»»

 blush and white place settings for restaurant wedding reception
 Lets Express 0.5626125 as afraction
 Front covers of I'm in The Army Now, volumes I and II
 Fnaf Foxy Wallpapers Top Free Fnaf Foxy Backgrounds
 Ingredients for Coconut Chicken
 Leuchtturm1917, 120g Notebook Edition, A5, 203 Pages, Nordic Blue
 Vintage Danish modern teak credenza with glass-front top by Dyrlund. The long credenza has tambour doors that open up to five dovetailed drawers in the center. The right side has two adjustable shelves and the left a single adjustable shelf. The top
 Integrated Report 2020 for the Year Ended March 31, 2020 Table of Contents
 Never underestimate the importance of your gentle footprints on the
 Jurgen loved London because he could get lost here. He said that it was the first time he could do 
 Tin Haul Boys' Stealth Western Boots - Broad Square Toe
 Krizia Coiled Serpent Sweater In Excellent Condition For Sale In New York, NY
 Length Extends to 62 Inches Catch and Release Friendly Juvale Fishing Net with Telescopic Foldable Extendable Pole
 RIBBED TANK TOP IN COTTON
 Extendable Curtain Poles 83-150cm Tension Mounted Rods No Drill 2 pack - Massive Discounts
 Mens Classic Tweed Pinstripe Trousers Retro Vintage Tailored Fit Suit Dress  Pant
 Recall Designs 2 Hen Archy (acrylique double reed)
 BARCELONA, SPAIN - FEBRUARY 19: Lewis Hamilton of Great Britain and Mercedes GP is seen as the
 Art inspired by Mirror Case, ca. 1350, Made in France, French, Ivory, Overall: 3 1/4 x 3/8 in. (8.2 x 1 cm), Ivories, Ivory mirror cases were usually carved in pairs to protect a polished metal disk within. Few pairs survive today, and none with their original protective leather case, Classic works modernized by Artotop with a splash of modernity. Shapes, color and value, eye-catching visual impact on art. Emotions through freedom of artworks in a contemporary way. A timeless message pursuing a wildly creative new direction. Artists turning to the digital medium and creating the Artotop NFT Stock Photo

««

**What the task asks:** Pull each line containing "Extendable" from the records.

**Worked solution:**
 Length Extends to 62 Inches Catch and Release Friendly Juvale Fishing Net with Telescopic Foldable Extendable Pole
 Extendable Curtain Poles 83-150cm Tension Mounted Rods No Drill 2 pack - Massive Discounts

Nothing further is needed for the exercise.